There are smart ways to use public procurement positive incentives and multiannual framework agreements. The committee should consider mandates in the area of low-carbon cement. We do not require our utility companies such as Irish Water or the ESB to choose low-carbon cement, whereas if they knew they had to go from 10% to 20% to 40% to 80% lower carbon cement each year, it would not only send a signal to them, but, as Mr. Downey stated, because they have to work with industry, it would also send a signal to industry that over a period of time, it will become increasingly difficult to use higher carbon cement. We will always have to use higher carbon cement in certain types of projects. There are ways of designing these systems that incentivise positive behaviour and send market signals that things are changing. The challenge is to reach 40% embodied carbon in the built environment by 2030. We are all talking in the same area about the kinds of things we would like to see. We all know the challenges and difficulties.
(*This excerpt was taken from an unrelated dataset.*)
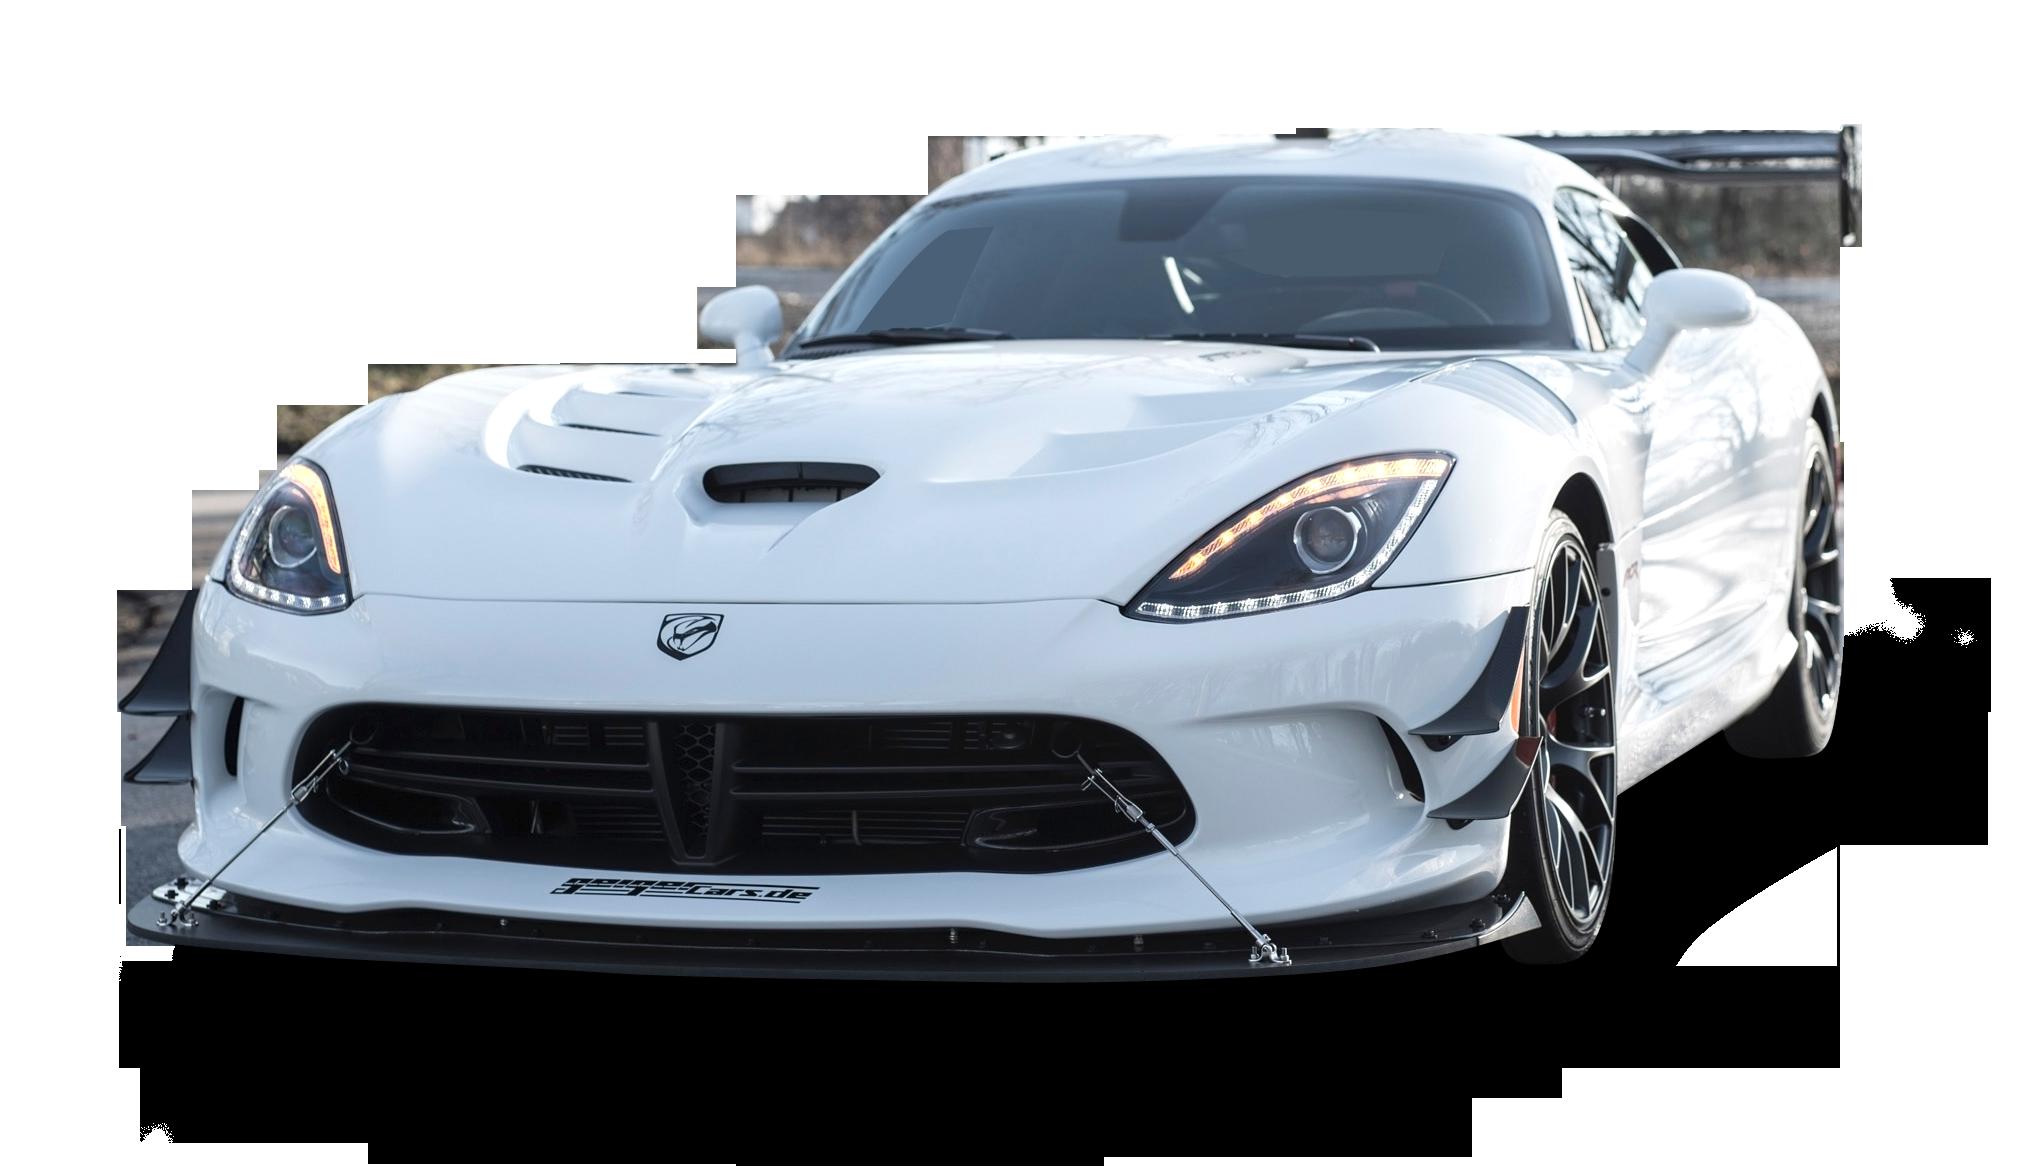 White Dodge Viper ACR Car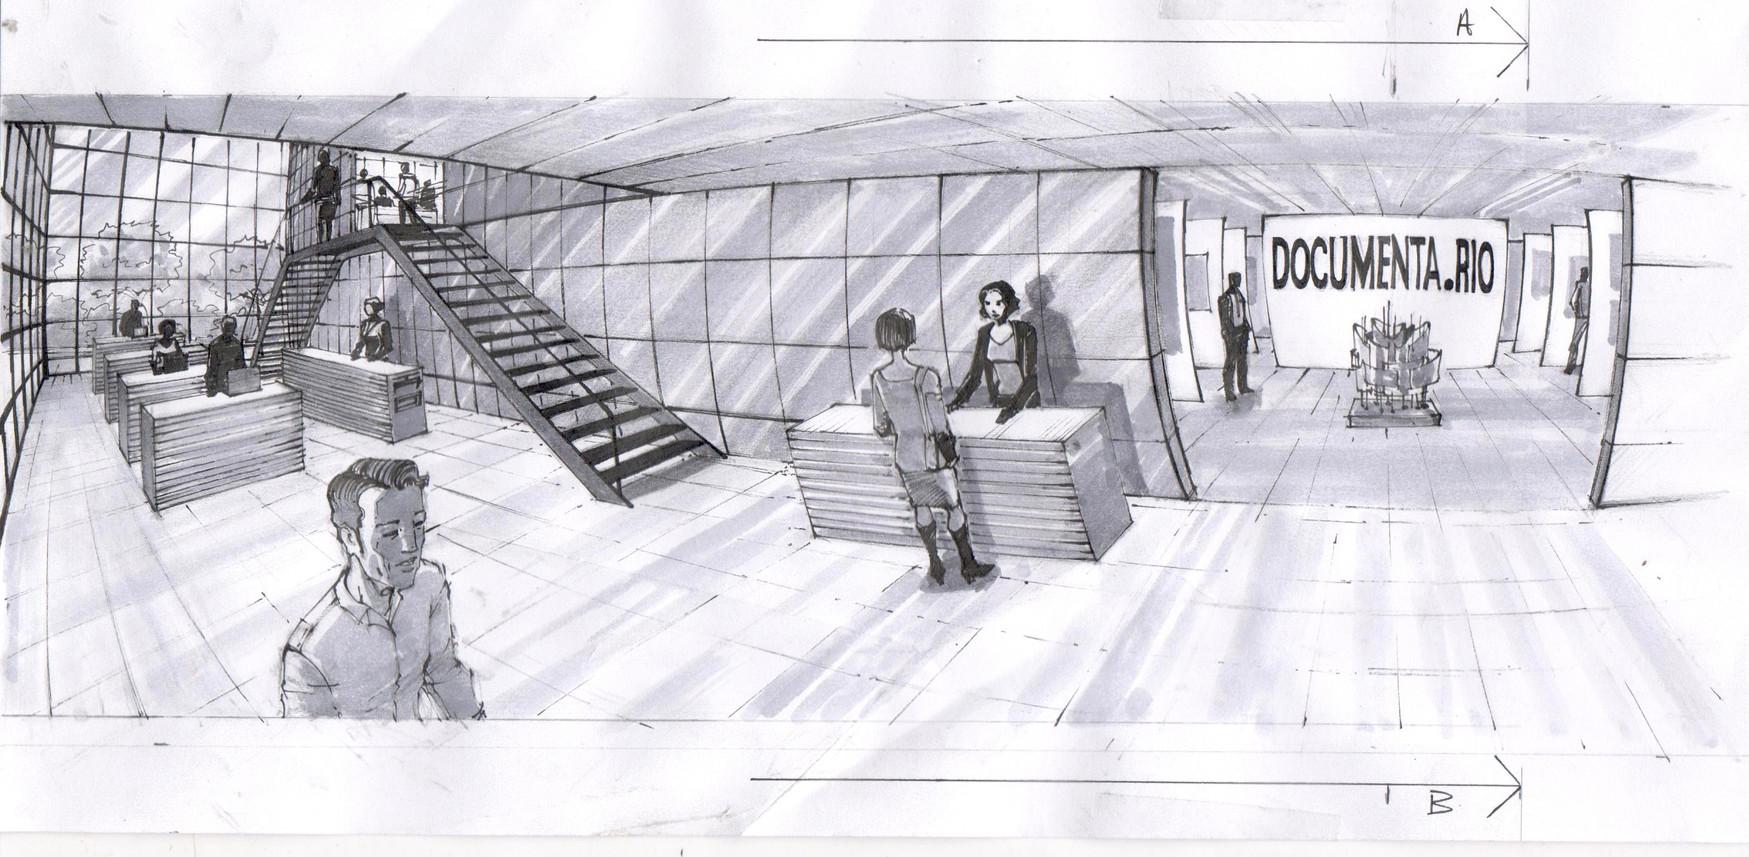 4 mam interior 4.jpg

We also know that those emissions reduction targets are not optional. They are legally binding and significant fines will be imposed on the State and the taxpayer if we do not meet them. This is not the silver bullet question. Will the witnesses give us a few key requests? If we wanted to be ambitious, not just nudge the thing along, but to have any chance of meeting the 2030 target, especially in public residential housing in which the State has more levers, what would be the ambitious requests the witnesses would make of a government that was serious about doing some of this?

Much of that is on a large scale. I want to come back to Ms McManus and Mr. Stevens as regards small-scale stuff. I like the fact that we have a lot of SME builders and communities that want affordable housing projects. What will work for the big stuff will not work to incentivise the small stuff. What changes need to be in place to allow it happen at the scale JFOC Architects is working at, as well as at the scale companies such as Cairn, Glenveigh, South Dublin County Council or Dublin City Council are working at? What should our ambition be? What should we do?